Ambtenaar benoemd | 10 maart 1920
Deze keer een kort berichtje dd 10 maart 1920 over de benoeming van een Voorburger tot ambtenaar bij de gemeente Leimuiden en Rijnsaterswoude.
Wat valt op aan dit berichtje? Ten eerste dat Leimuiden al lang geen zelfstandige gemeente meer is, maar tegenwoordig onderdeel vormt van de Zuid-Hollandse gemeente Kaag en Braassem. Sinds 1900 is het aantal zelfstandige gemeentes in Nederland afgenomen van ruim 1100 tot minder dan 400 nu. Kortom: een stuk minder werkgelegenheid voor burgervaders.
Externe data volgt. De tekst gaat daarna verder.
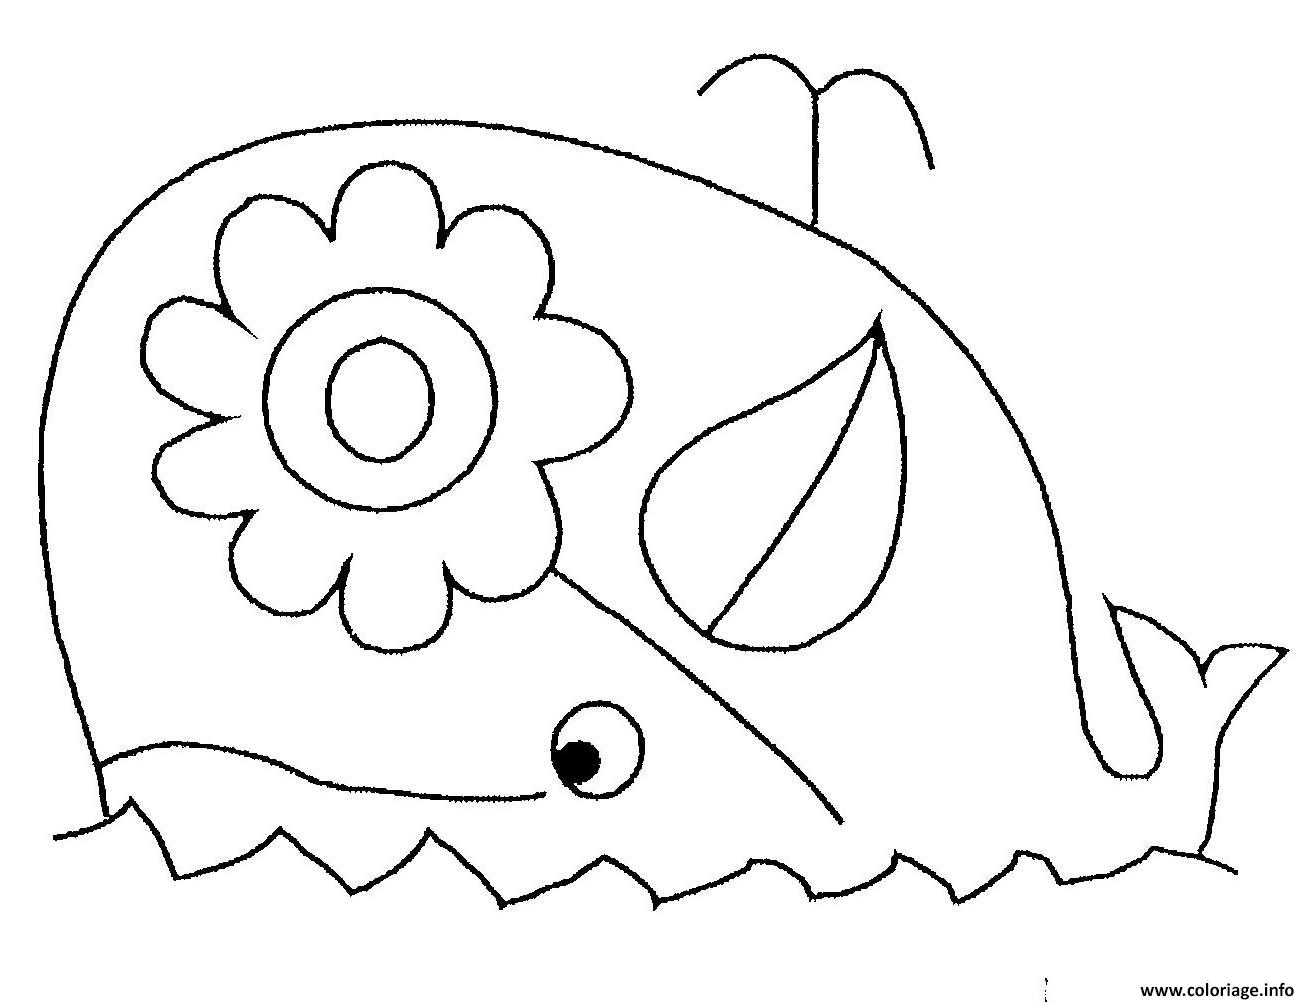 Coloriage Baleine En Ligne.Coloriage Baleine Avec Une Fleur Dessin
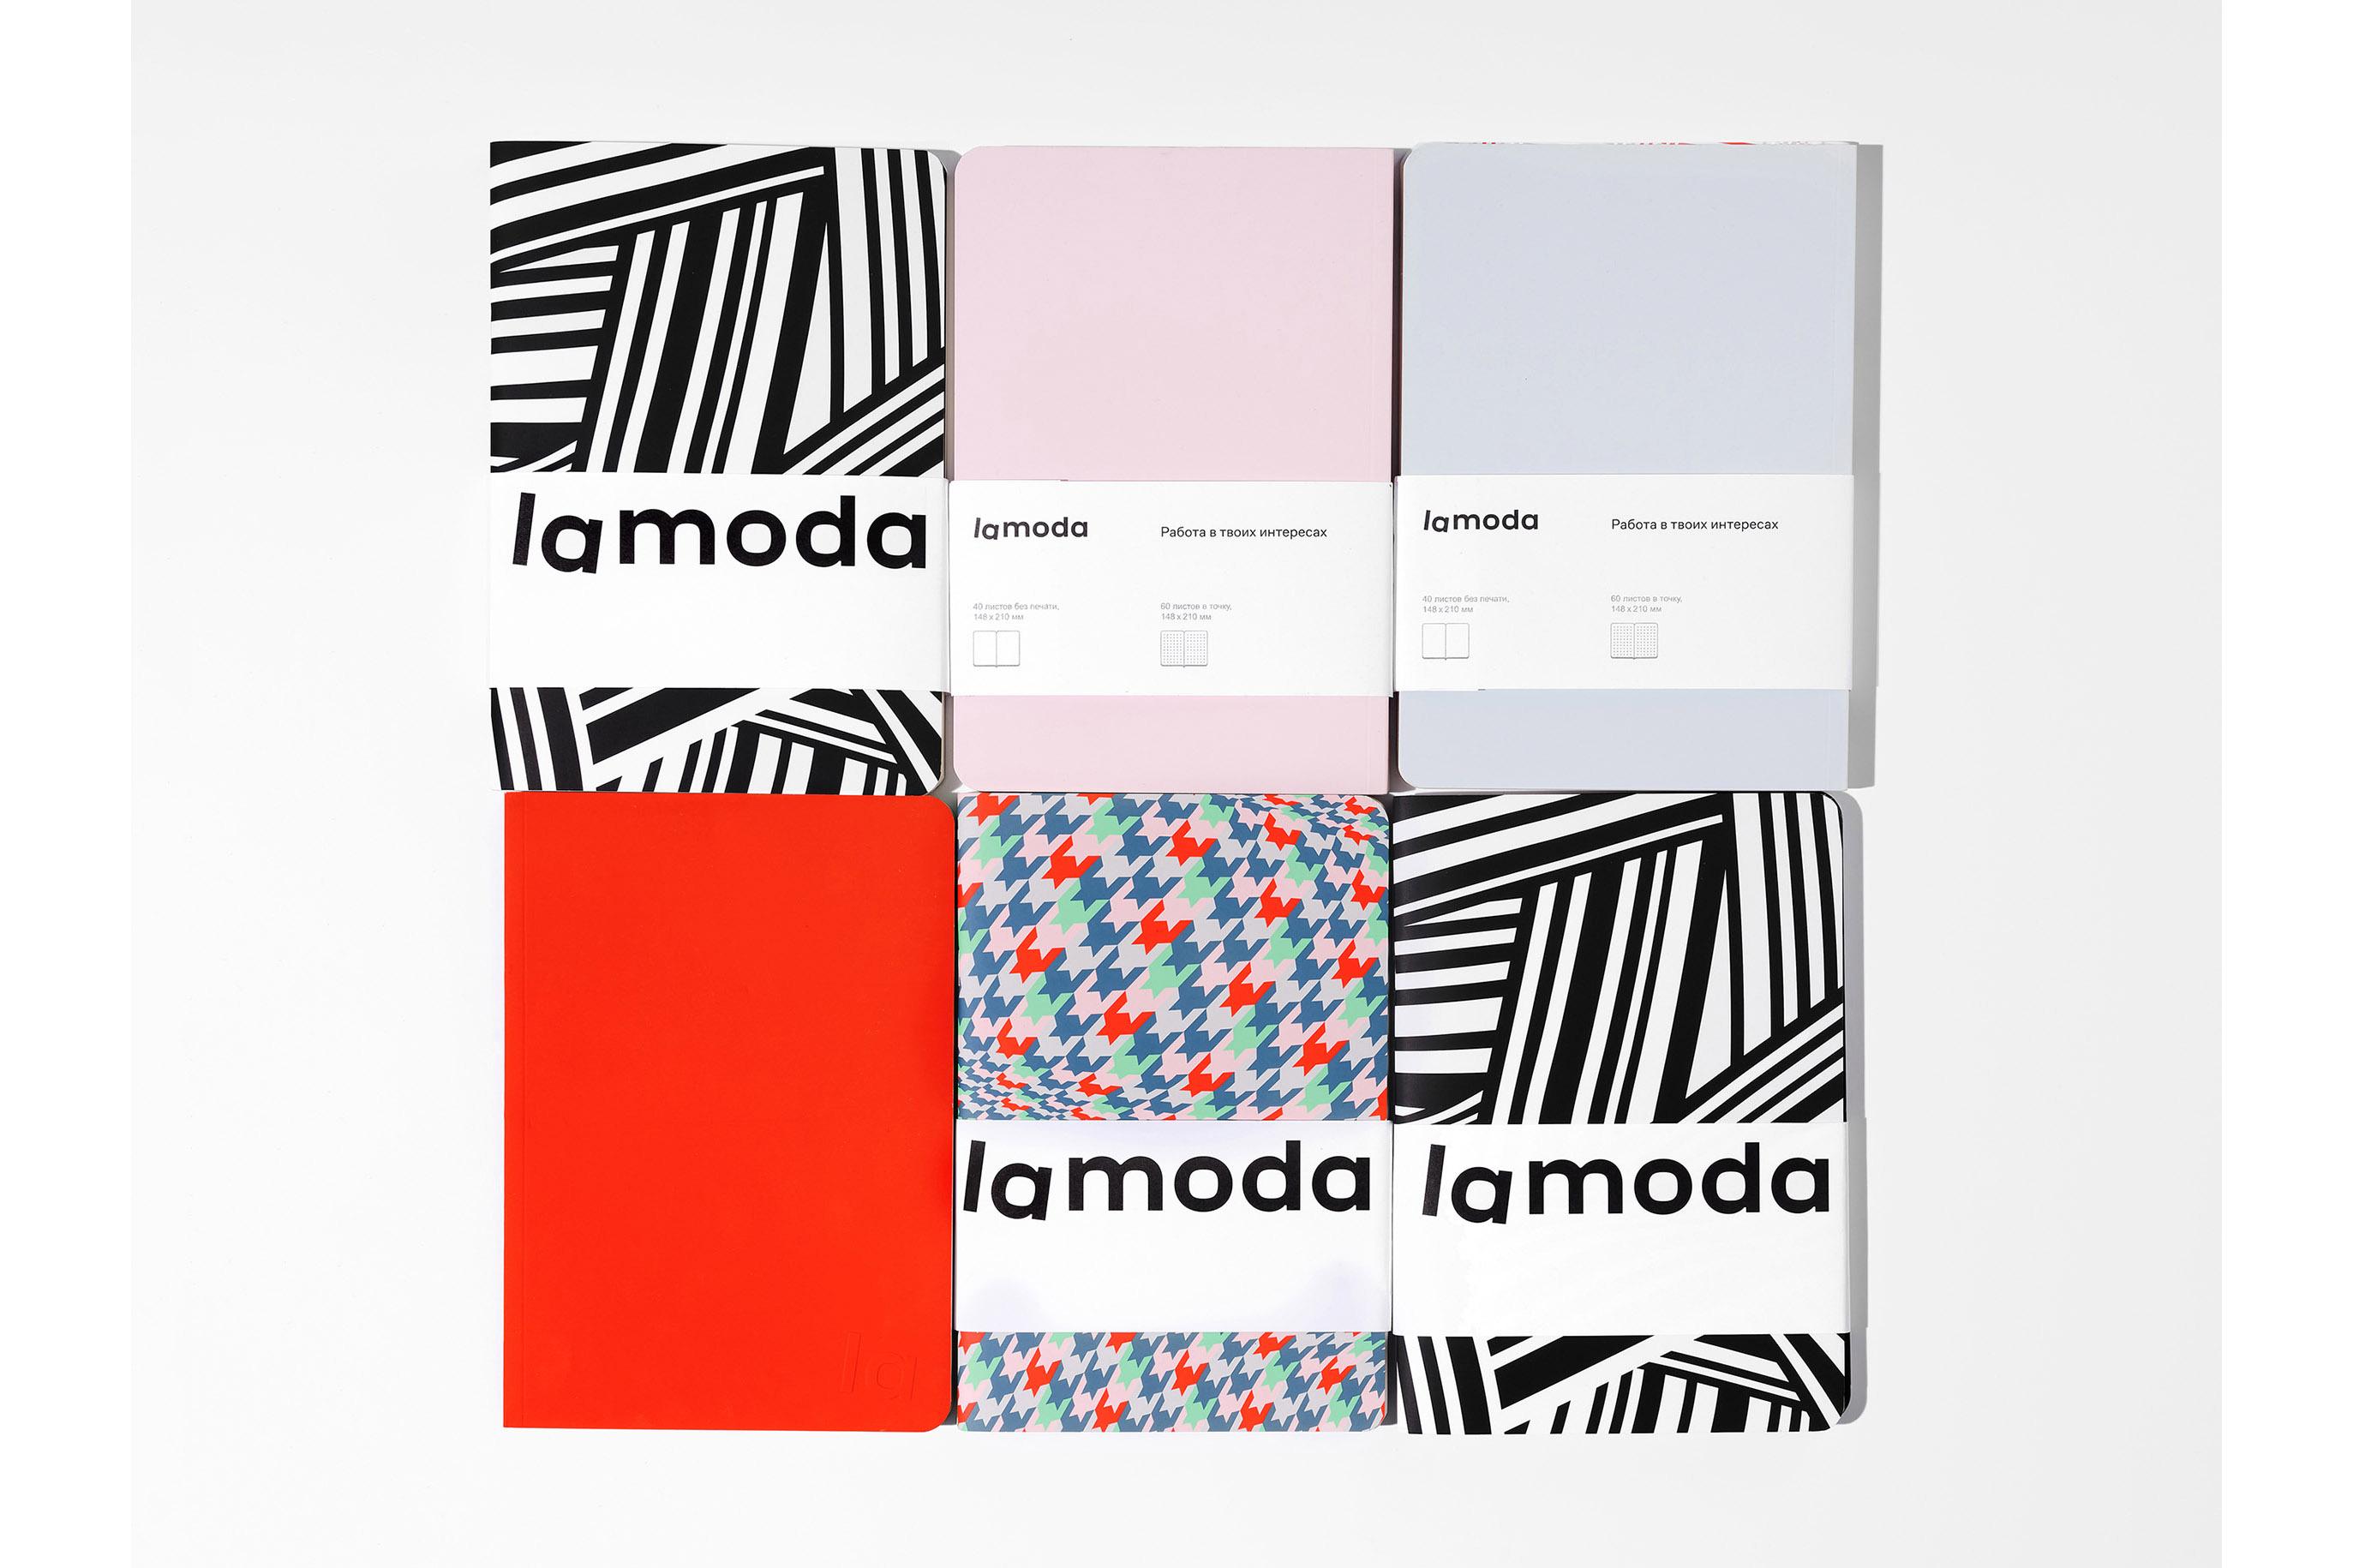 lamoda-adcr_08_15906673015ecfa825e9e76

Verder valt op dat ook in welgestelde kringen [‘G.J.M. Baron van Slingelandt’] het vinden van een passende, eerste betrekking kennelijk wel eens lastig kon zijn. Anders was Baron van Slingelandt vast niet een tijd lang als ‘volontair’ werkzaam geweest op de gemeentesecretarie van Wateringen. ‘Volontair’ betekent volgens Wikipedia ‘onbezoldigde medewerker’. Werken als volontair werd veelal gedaan om de broodnodige praktische werkervaring op te doen, en daardoor een betere positie op de arbeidsmarkt te verwerven. Voor iemand van goede komaf zoals Baron van Slingelandt, zal het enige tijd onbezoldigd werken geen al te groot probleem zijn geweest. Voor minder welgestelde personen was het werken als volontair waarschijnlijk veel minder aantrekkelijk. Tegenwoordig kennen we hetzelfde fenomeen overigens nog steeds: alleen noemen we het nu een ‘stage’. Ofschoon er gewoonlijk een stagevergoeding wordt gegeven, is dat nadrukkelijk geen salaris maar alleen een onkostenvergoeding. Een werkstage wordt door de stagiair(e) ook gebruikt om een betere positie op de arbeidsmarkt te verkrijgen. Voor de stagegever is het overigens een mooie gelegenheid om eens goed te kijken hoe een mogelijke werknemer in de praktijk functioneert. Wat betreft ‘volontair’ en ‘stagiair(e)’ is er dus niet zo erg veel verschil, behalve dat zo’n honderd jaar geleden een vrouwelijke ‘volontair’ een vermoedelijk onbekend verschijnsel was. Daarentegen is tegenwoordig een ‘stagiaire’ een volstrekt normaal fenomeen.